HOW TO COMPLETE THIS TASK: Write out the data below exactly as given, without any of its pictures.

GIVEN INFORMATION:
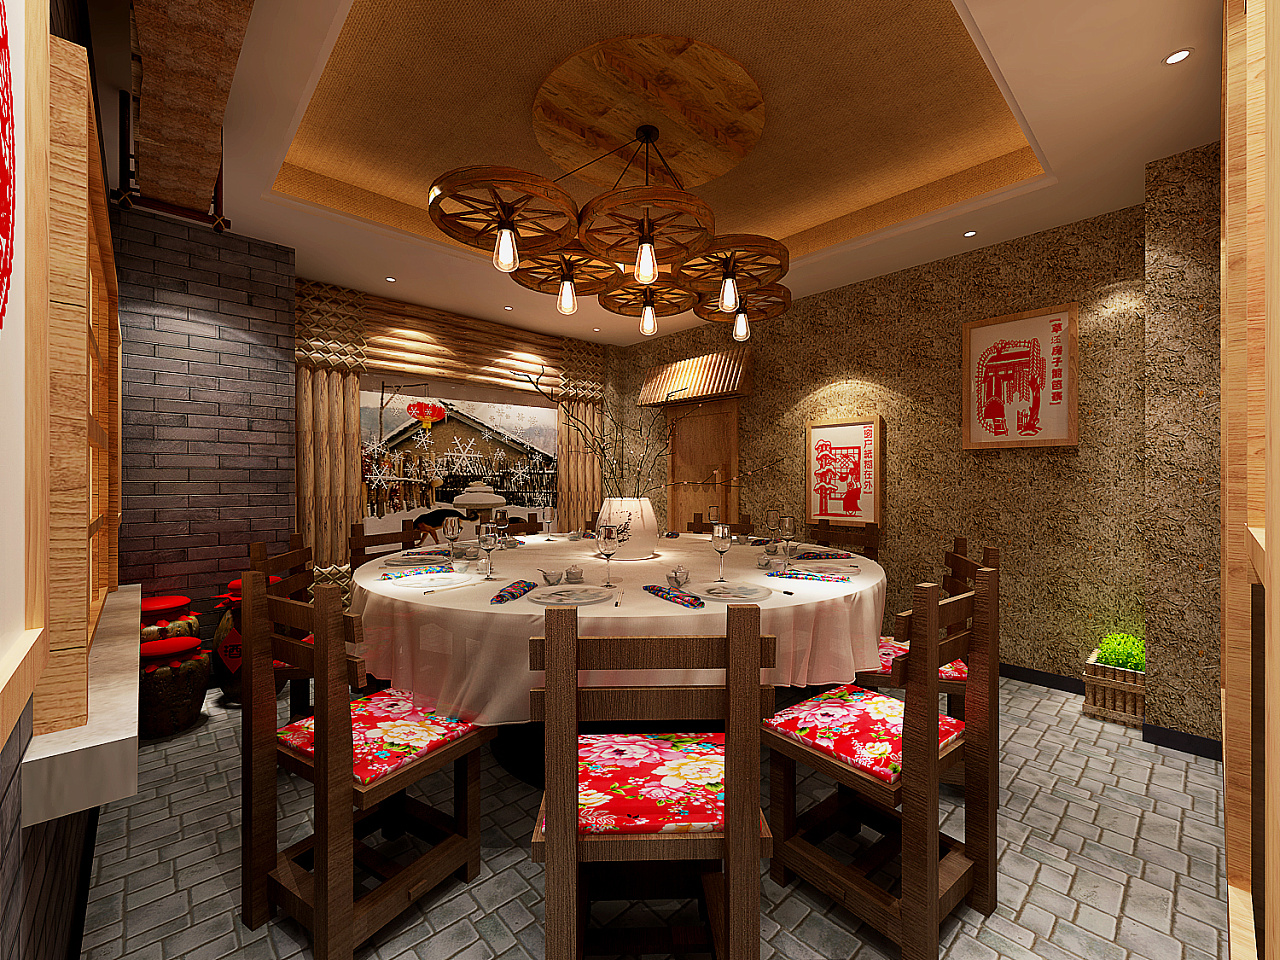 中式餐厅-CND设计网,中国设计网络首选品牌
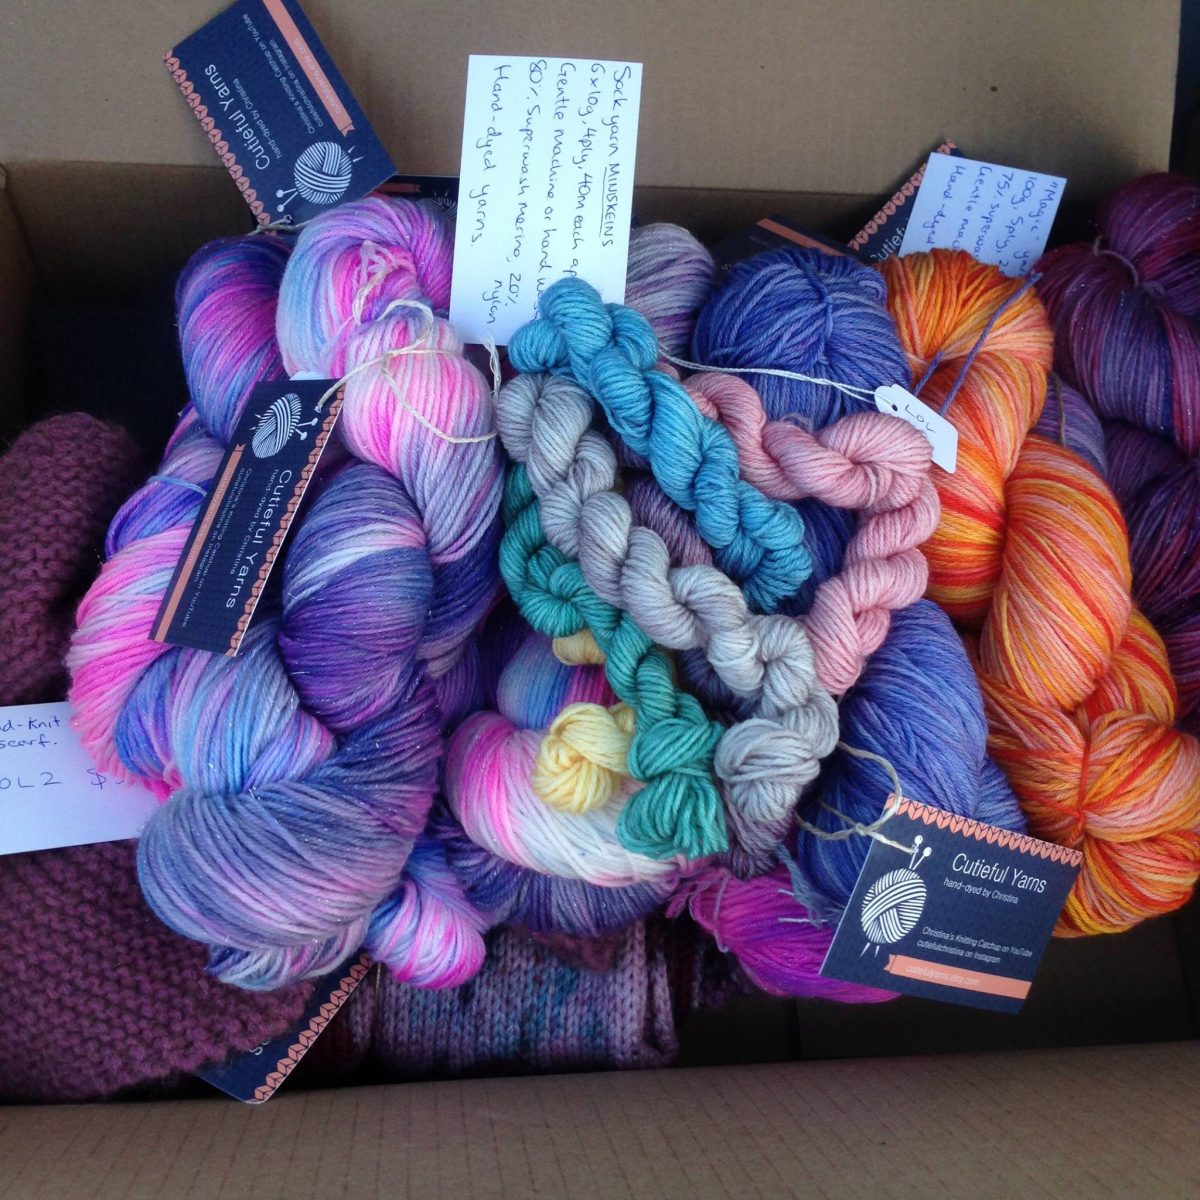 Selection of yarn
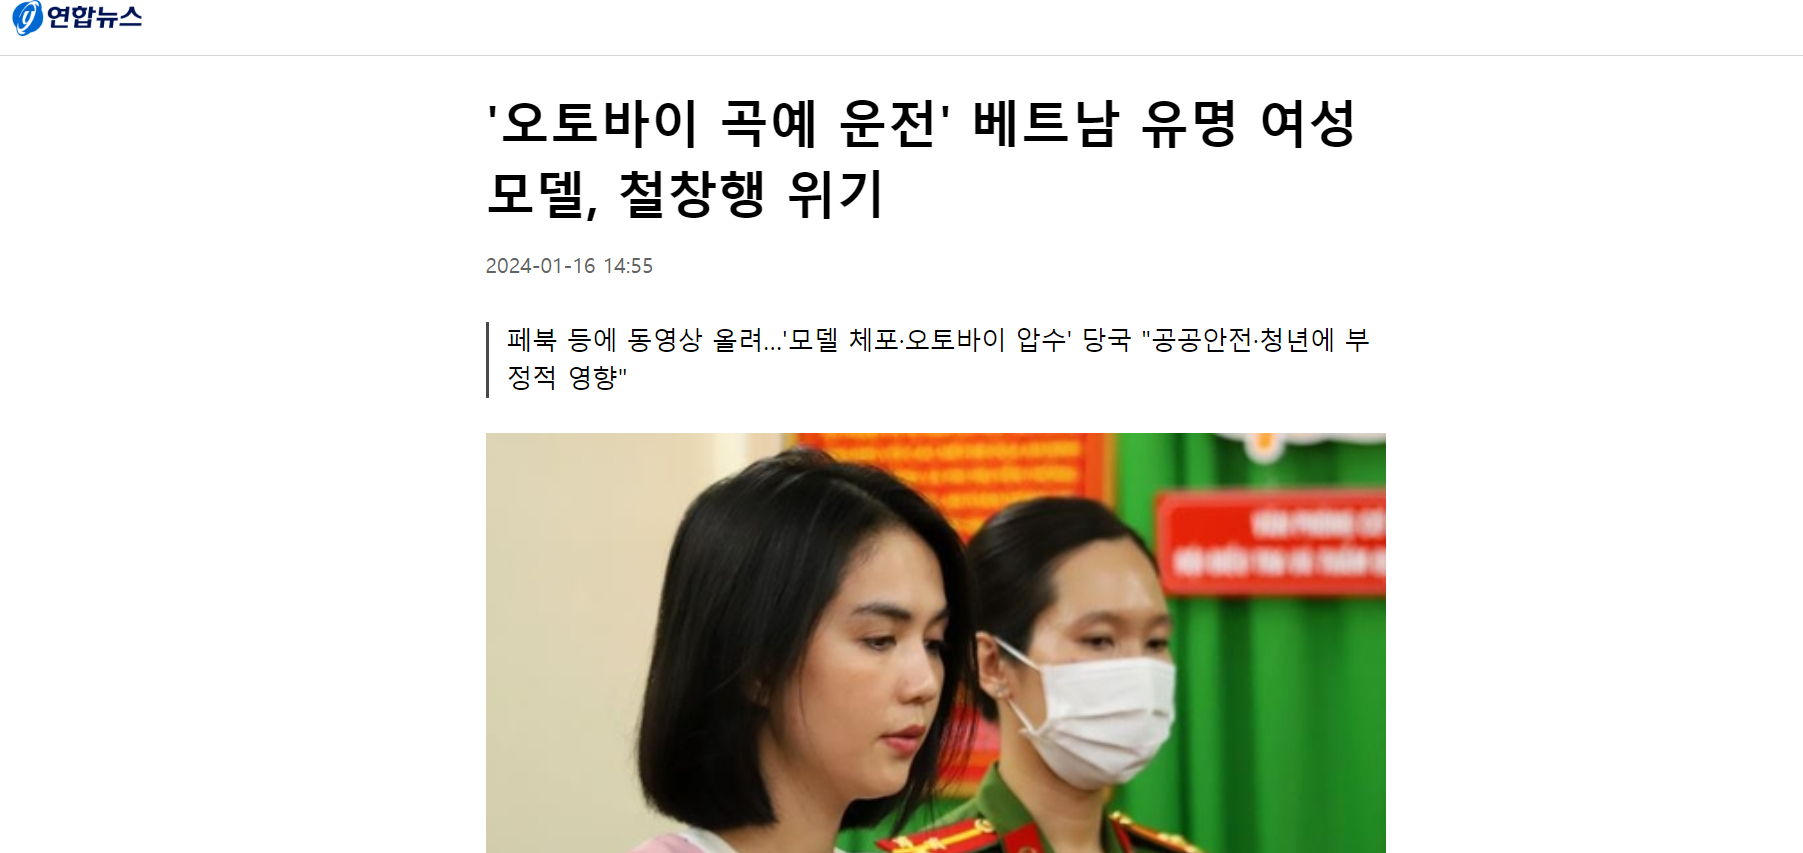 Ngọc Trinh lên báo Hàn Quốc ngay sau khi bị truy tố 2-7 năm tù- Ảnh 1.
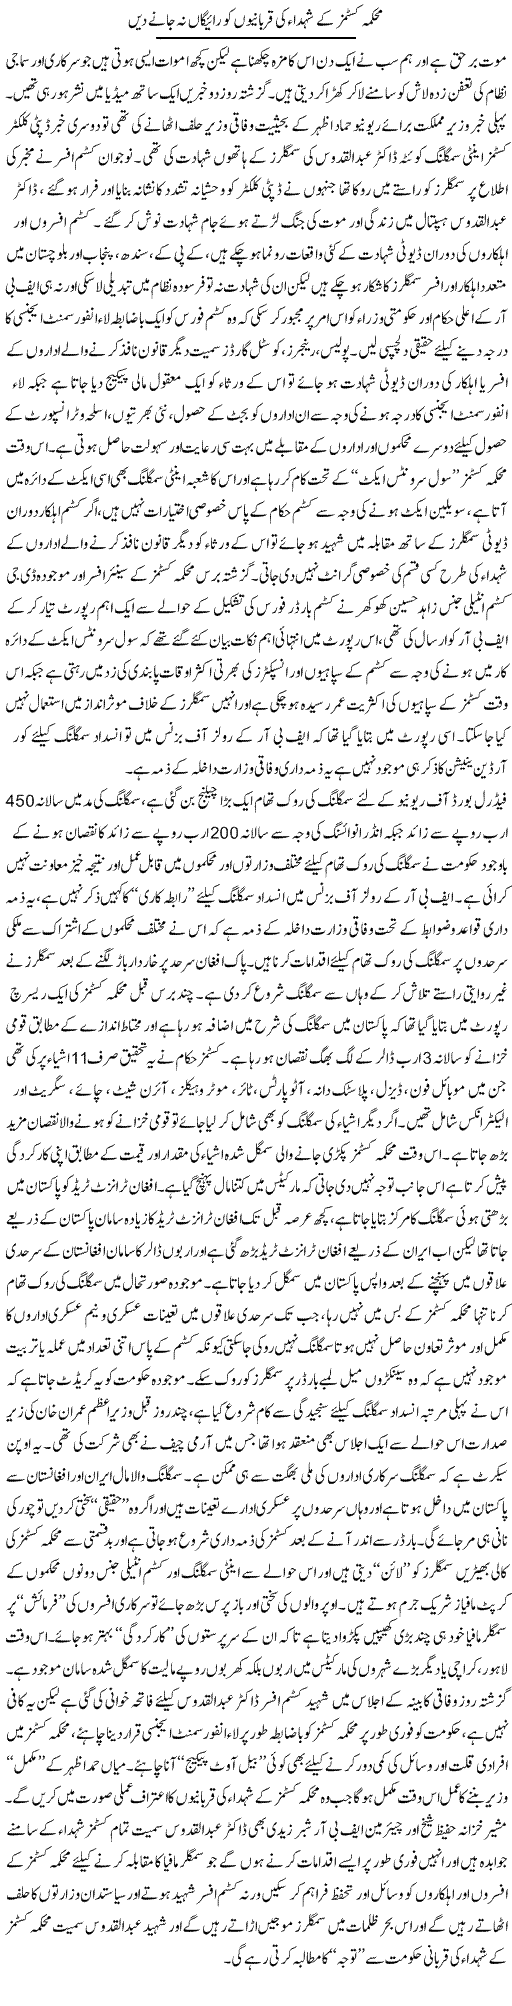 Mehkma Customs Ke Shuhada Ki Qurbanio Ko Raigan Na Jaane Dain | Rizwan Asif | Daily Urdu Columns

RESPONSE BOX:
 中式餐厅-CND设计网,中国设计网络首选品牌
 Selection of yarn
 Ngọc Trinh lên báo Hàn Quốc ngay sau khi bị truy tố 2-7 năm tù- Ảnh 1.
 Mehkma Customs Ke Shuhada Ki Qurbanio Ko Raigan Na Jaane Dain | Rizwan Asif | Daily Urdu Columns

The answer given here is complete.